Family complaint: Constable Harold Beckett
Allegations relating to WERC’s involvement in the weapons used in Constables Beckett’s murder were central to the complaint made to the Police Ombudsman by his daughter. She also raised other concerns and questions about the RUC investigation into her father’s murder.

Having gathered and reviewed substantial documentation, the Police Ombudsman said the RUC investigation was “well resourced, well managed and conducted without any delay.”

It raised 338 investigative actions, recorded over 420 witness statements, and received over 190 messages. These were part of a police investigation that incorporated witness, forensic, intelligence, and suspect enquiries.

The Senior Investigating Officer’s (SIO) policy log, internal reports and briefings demonstrated that he viewed forensics as integral to his investigation and considerable work was done on examining descriptions given of suspects and preparing for arrests. 

Initial information following the murders was promptly disseminated and the first arrests were made within hours of the murders.

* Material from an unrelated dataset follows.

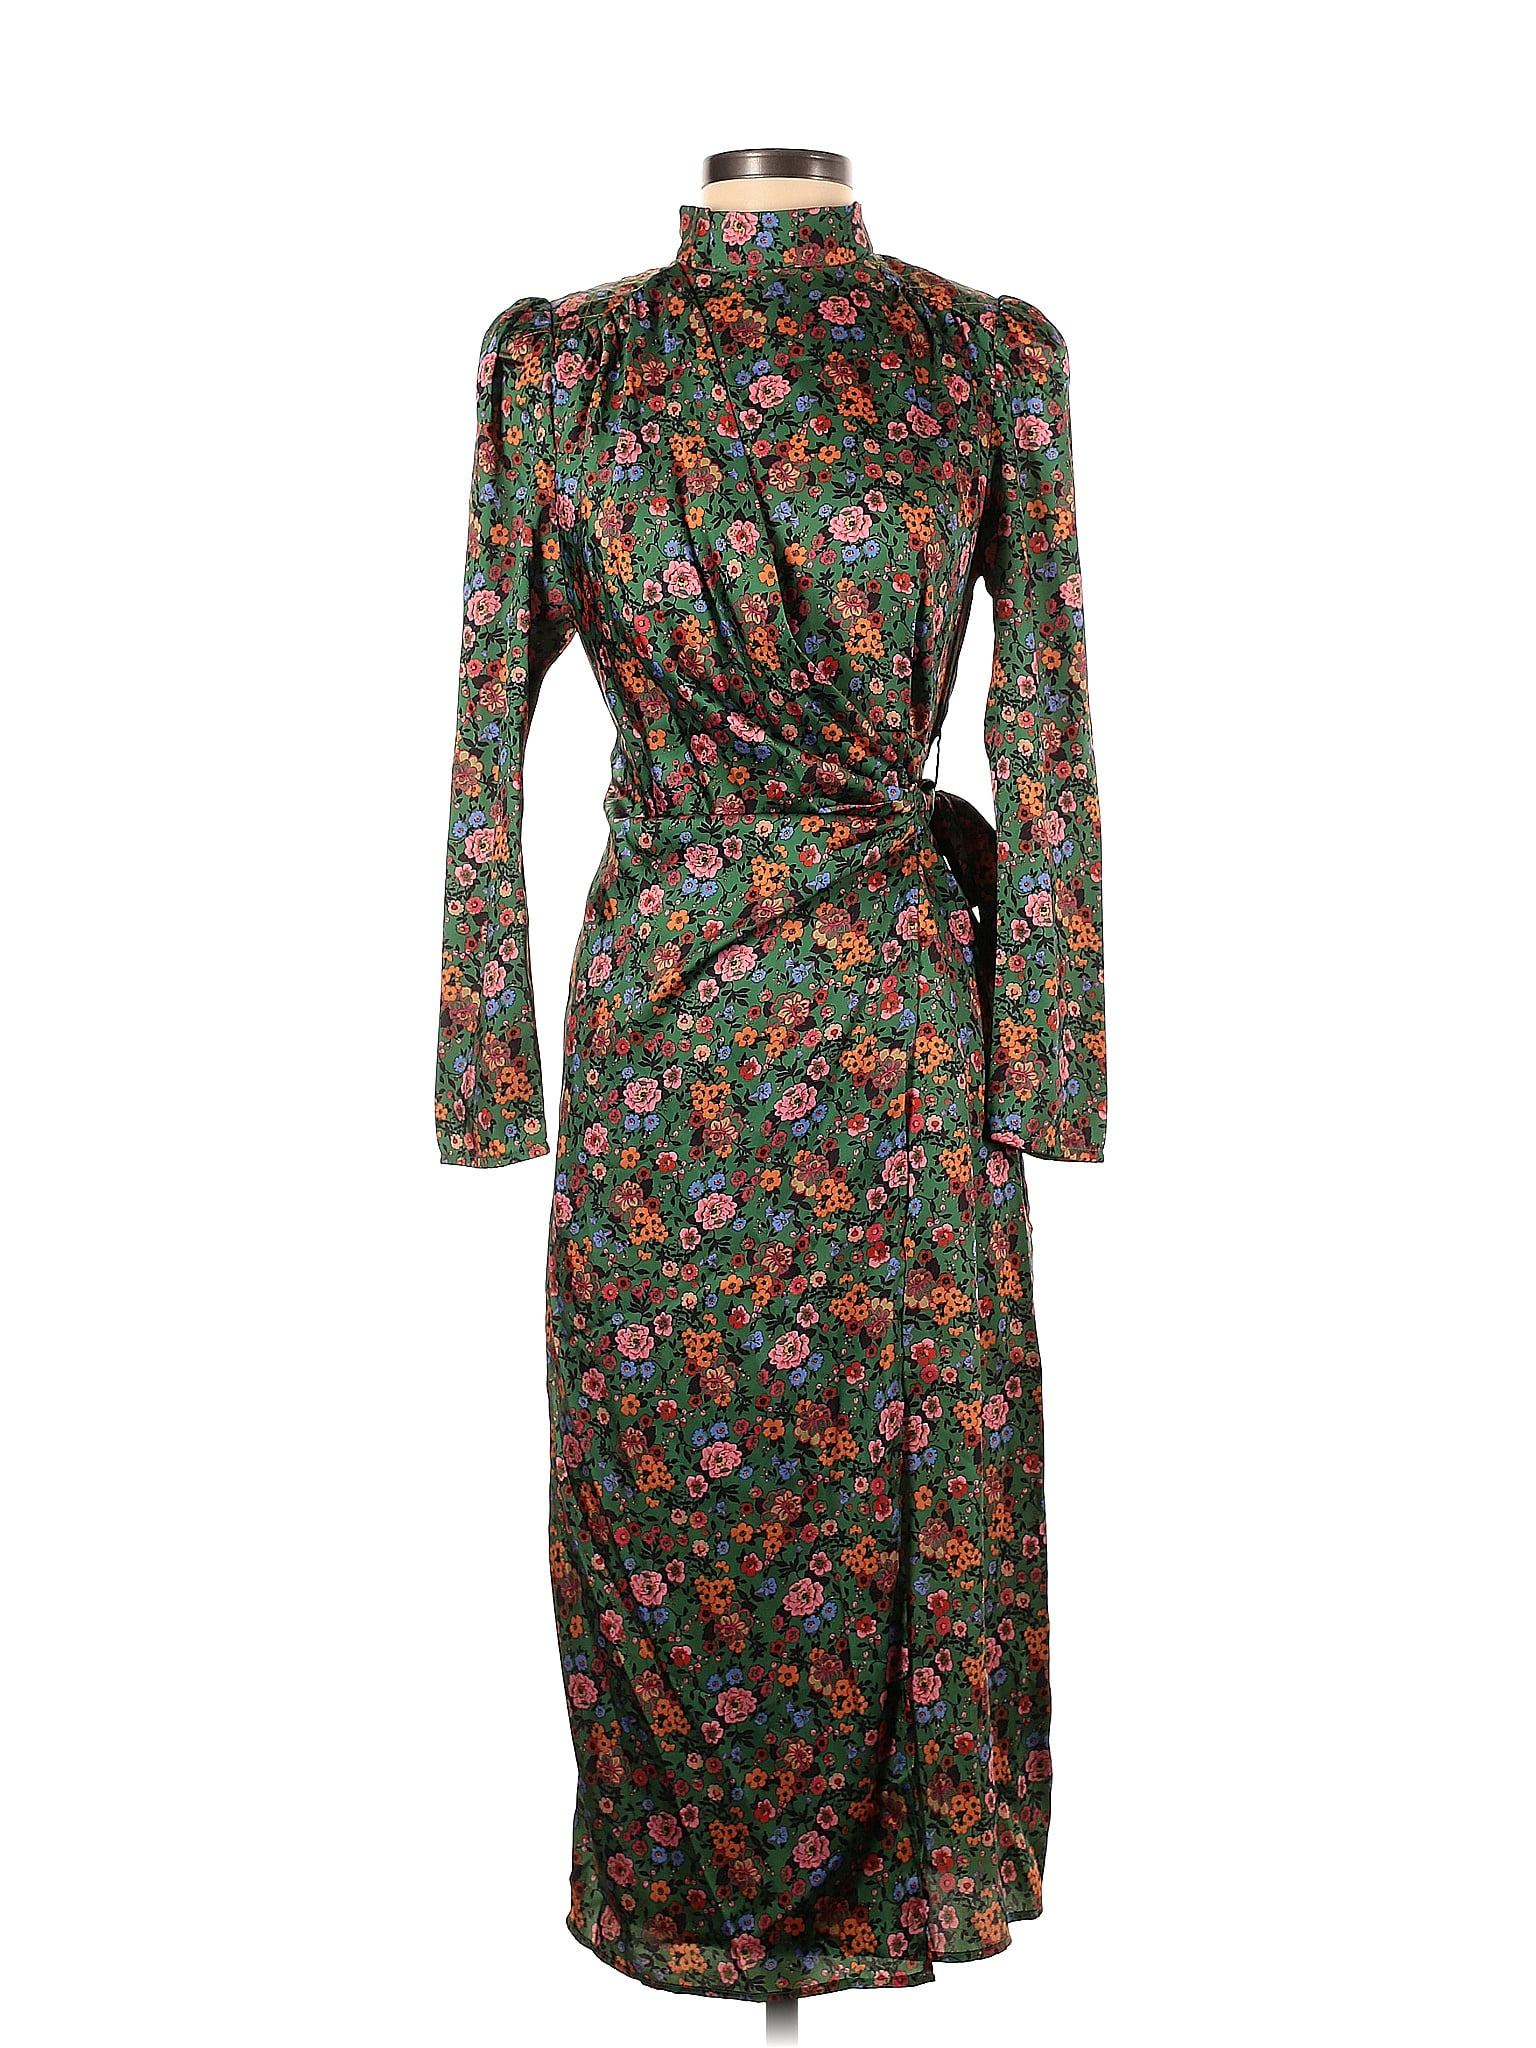 Sandro Floral Multi Color Green Cocktail Dress Size Sm (1) - 77% off ...

More followed, and there were a significant number of arrests.

However, there was insufficient evidence to charge any of these persons with offences linked to the murders. 

Although it is clear from police documentation that the SIO sought all relevant intelligence from Special Branch and that he utilised this intelligence from the day of the murder, the Police Ombudsman has identified failures in the non-dissemination of intelligence by Special Branch.

Intelligence is not evidence but the Police Ombudsman believes that this intelligence could have been capable of supporting new and further lines of the enquiry for the SIO, had he been made aware of them. 

However, aside from early arrests, the available investigative material showed that where intelligence and information which named individuals allegedly involved in the murders was passed to the RUC investigation team, limited action was taken. This investigation has been unable to establish the reason for this.
The Police Ombudsman considered the absence of action to be significant in one particular instance where information was provided by the military. Members of the military came forward to report that a person had told them that he witnessed the murders and knew the gunmen by name. They also provided a photograph. This did not result in any new lines of enquiry.  

“This information highlighted a person that potentially had very significant information pertaining to the identity of the gunmen. It is not known why the SIO did not generate any enquiries emanating from this intelligence,” said Mrs Anderson.

The Police Ombudsman identified further missed investigative opportunities, including inaction after the planned arrest of two people on suspicion of the murders could not take place because the area had been designated out of bounds. The police records of the investigation do not provide a rationale for why there was no further attempt to speak to or arrest these individuals. 

In view of the available evidence and information, the Police Ombudsman concurs with the concerns of Constable Beckett’s daughter about police failures to pursue evidential opportunities.

“I am of the view that the investigative failings in this case are so significant that it was incapable of leading to the apprehension and prosecution of the perpetrators, and therefore, was not Article 2 compliant,” concluded Mrs Anderson.

In overall conclusion, Mrs Anderson said:

“I am of the view, based on the available intelligence reviewed by Police Ombudsman investigators, that there was no intelligence that, if acted upon, would have been capable of preventing the murders of Henry Babington and Constables Beckett and Meyer. 

“I believe that Henry Babington, Constable Beckett and Constable Meyer were the innocent victims of a campaign of terror mounted by republican paramilitaries. PIRA alone was responsible for the murders.” 

Mrs Anderson expressed her thanks to the families of Henry Babington and Constables Beckett and Meyer for their patience throughout the duration of the protracted investigation.

*The Stevens Enquiry
The Stevens Enquiry was a series of three official investigations led by Sir John Stevens, the then Deputy Chief Constable of Cambridgeshire Constabulary, that investigated allegations of ‘collusion’ in Northern Ireland between loyalist paramilitaries and the security forces.